Santa Fe New Mexican

What should tax reform look like?

- MY VIEW: JERRY ORTIZ Y PINO Sen. Jerry Ortiz y Pino is a state Senator from Bernalillo County, who has served since 2005. He serves as the chairman of the Senate Public Affairs Committee.

One of Gov. Susana Martinez’s pointed criticisms of the recent legislativ­e session was that it failed to enact tax reform. She has dangled the need for such action as something that a special session will have to address if she is to sign any balanced budget proposal.

There are several fallacies in the governor’s position. First, legislator­s actually did pass a tax-reform measure, House Bill 191, initially introduced by Republican Rep. Larry Larrañaga, R-Albuquerqu­e, and amended in Senate Finance to include several pieces taken from the broader bill, House Bill 412, sponsored by another Republican, Rep. Jason Harper of Rio Rancho.

There was a very good reason for resisting HB 412 in the Senate. While the principle (broaden the gross receipts tax base and lower the rate) makes sense, the complexity of Rep. Harper’s bill, which attempts to end almost all exemptions to the gross receipts tax, made it a 333-page Goliath of dense, arcane tax verbiage. When it reached the Senate in the last week of the session, it proved literally impossible for our staff experts to score. We couldn’t tell if it would increase revenues or decrease them — or by how much.

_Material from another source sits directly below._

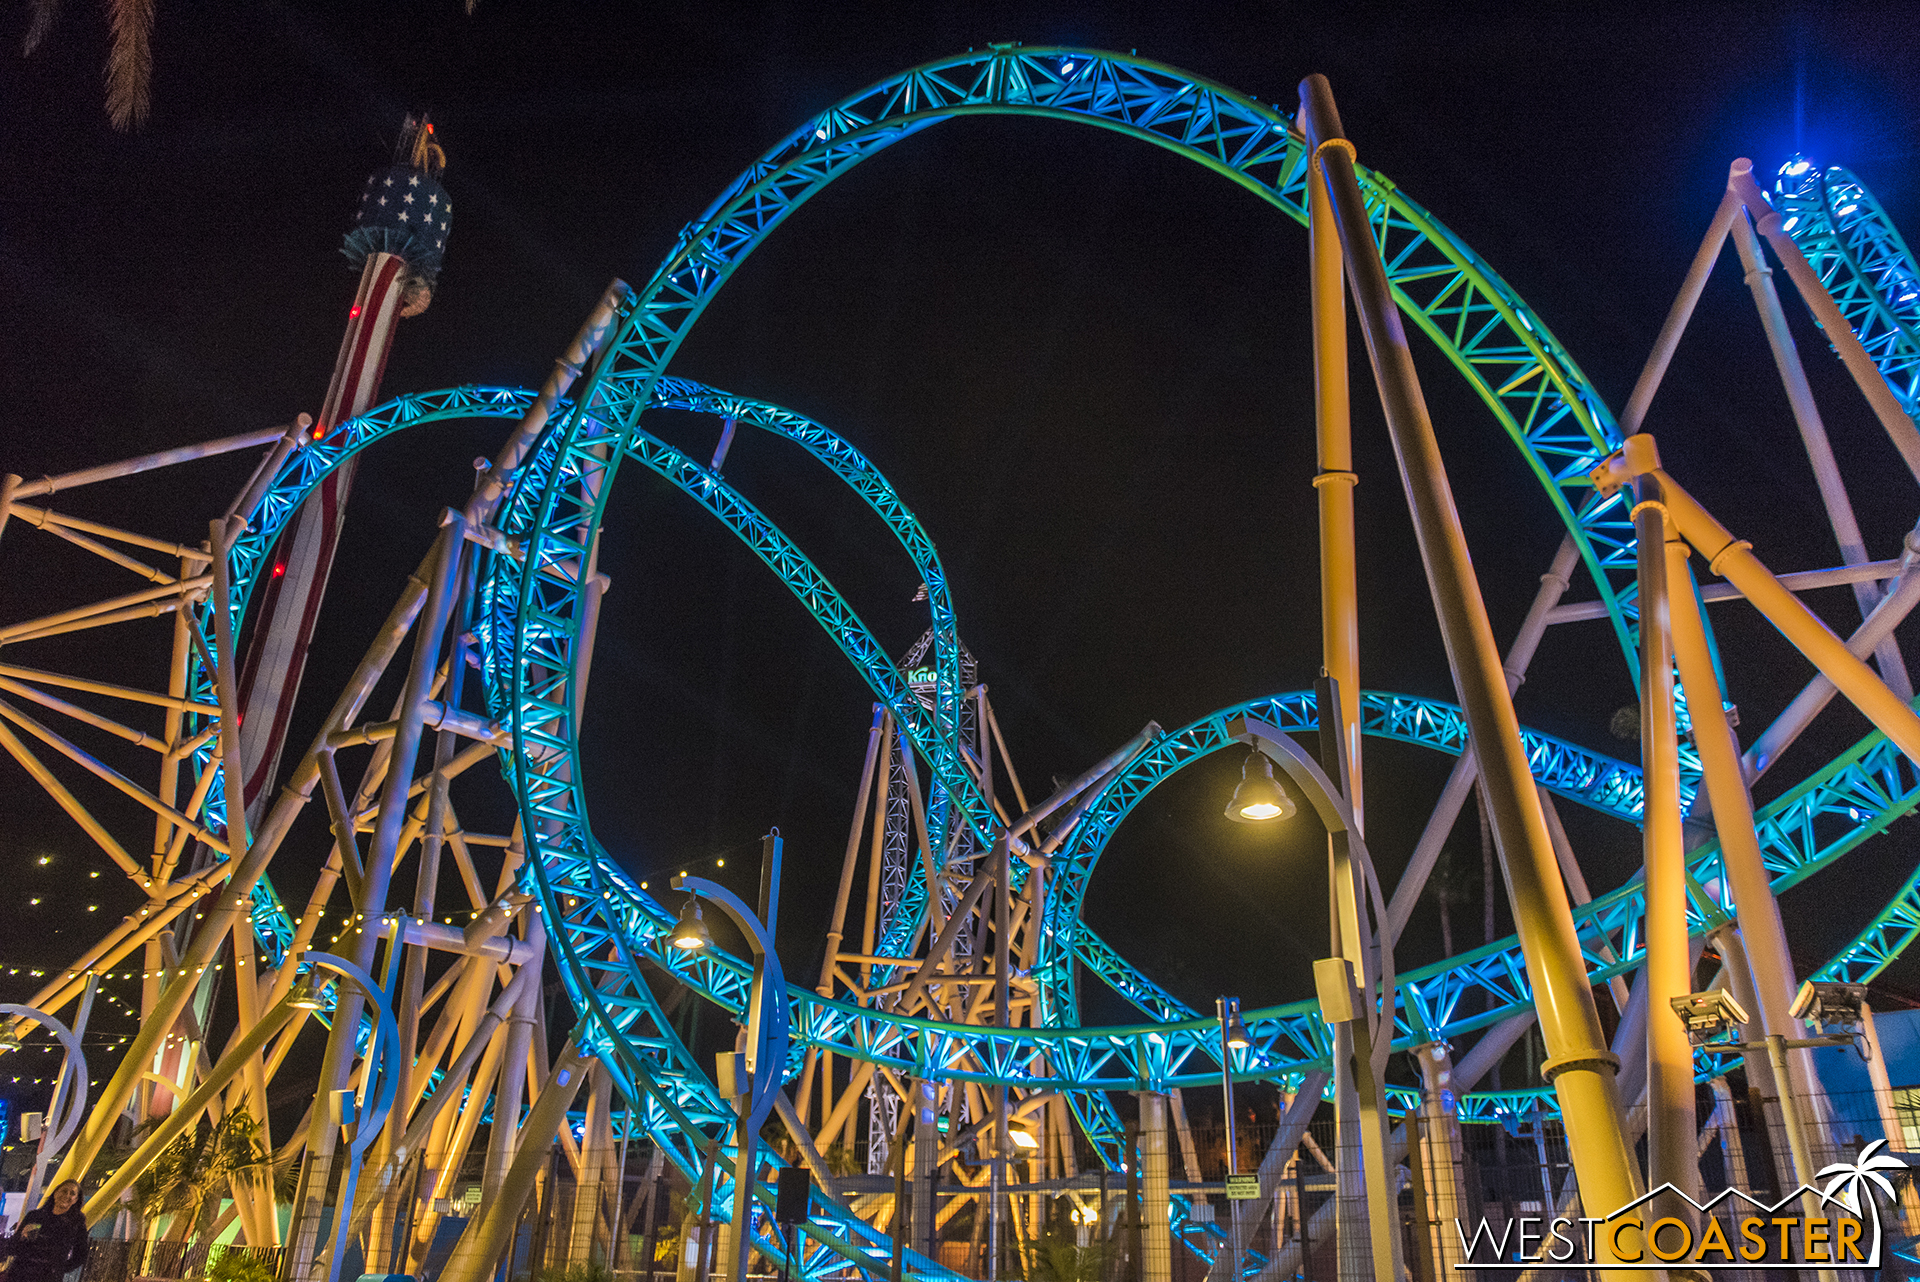  The lighting really showcases this ride like an ocean jewel. 
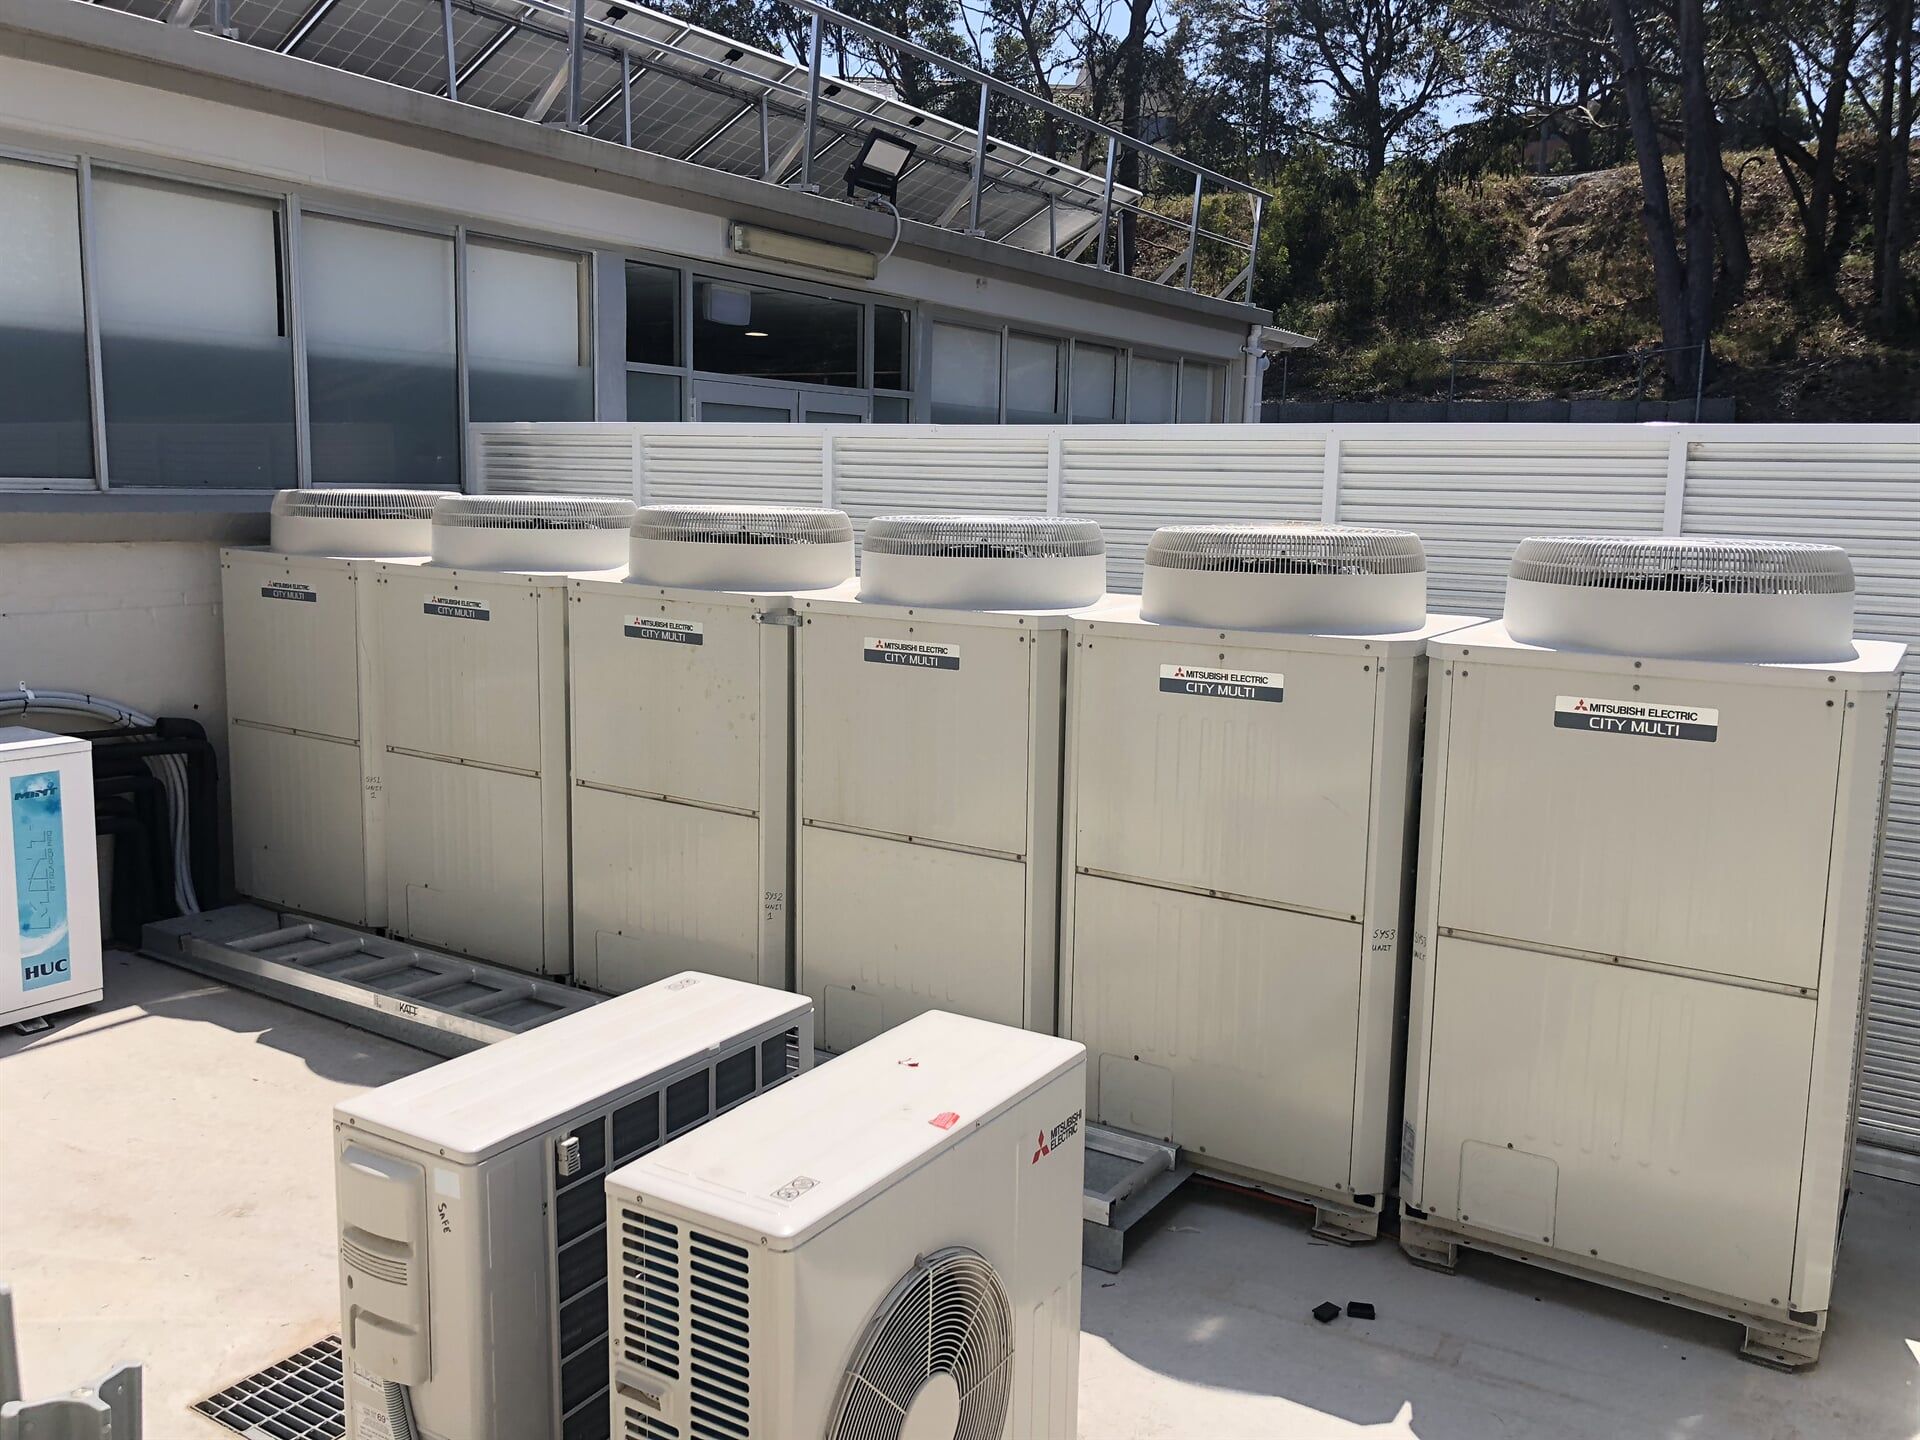 Couple operating Aircon — Residential & Commercial Airconditioning Repair in Batemans Bay, NSW

So instead of ramming it through, our Finance Committee chose the far more reasonable alternativ­e of pulling out a few pieces that could be scored and including them in Larrañaga’s less-ambitious tax-reform measure. But the Legislatur­e has been twice burned in recent years by supposed “tax reforms” billed as “revenue neutral” or to even as a stimulus producing additional tax revenue.

When former New Mexico Gov. Bill Richardson eliminated in stages all state personal income tax brackets above $26,000, legislator­s were assured this would spark an enormous boom in wealthy people choosing to move here and in wealthy New Mexicans investing in businesses here. Neither happened, and we effectivel­y wiped out $100 million a year in revenues that used to help finance state programs.

Then, when Gov. Martinez sprang a last-minute corporate income tax “reform” on us four years ago, we were again confidentl­y assured by her tax gurus that this would be an economic engine resulting in greater business activity, hence greater state revenue. Once more it was a mirage — and the true cost of that “reform” is at least another $100 million annually — lost revenue with nothing to show for it.

So talk of tax reform makes me very nervous. I agree our tax system has become seriously deformed, but insufficie­nt attention is given to what the previous tax cuts have produced: an imbalanced, twisted tax system, one overly dependent on the gross receipts tax (which has grown following each of the other “reform” attempts). There is a fairer and far more predictabl­e tax source that we need to return to: the income tax — the way to end our regressive revenue picture; the way to stop squeezing a higher percentage of their money from the poor and working class than the wealthy pay.

No true tax reform can be discussed that does not also include an effort at reintroduc­ing upper tax brackets to New Mexico’s structure. These could be fairly broad. Since all taxpayers pay the same rate now for everything over $26,000 in income, adding three additional 1 percent brackets (at say, $126,000, $226,000 and $326,000) ought to be considered.

In fact, we could consider tying additional income tax brackets to Harper’s gross receipts tax reform. They could be used as triggers: Should gross receipts tax revenue under Harper’s bill drop, we could add income tax brackets and use the resulting revenue to make up the difference.

Tax reform is legislativ­e sausagemak­ing at its most extreme. We shouldn’t rush into any more mistakes, no matter how irritated careful deliberati­on makes the governor feel.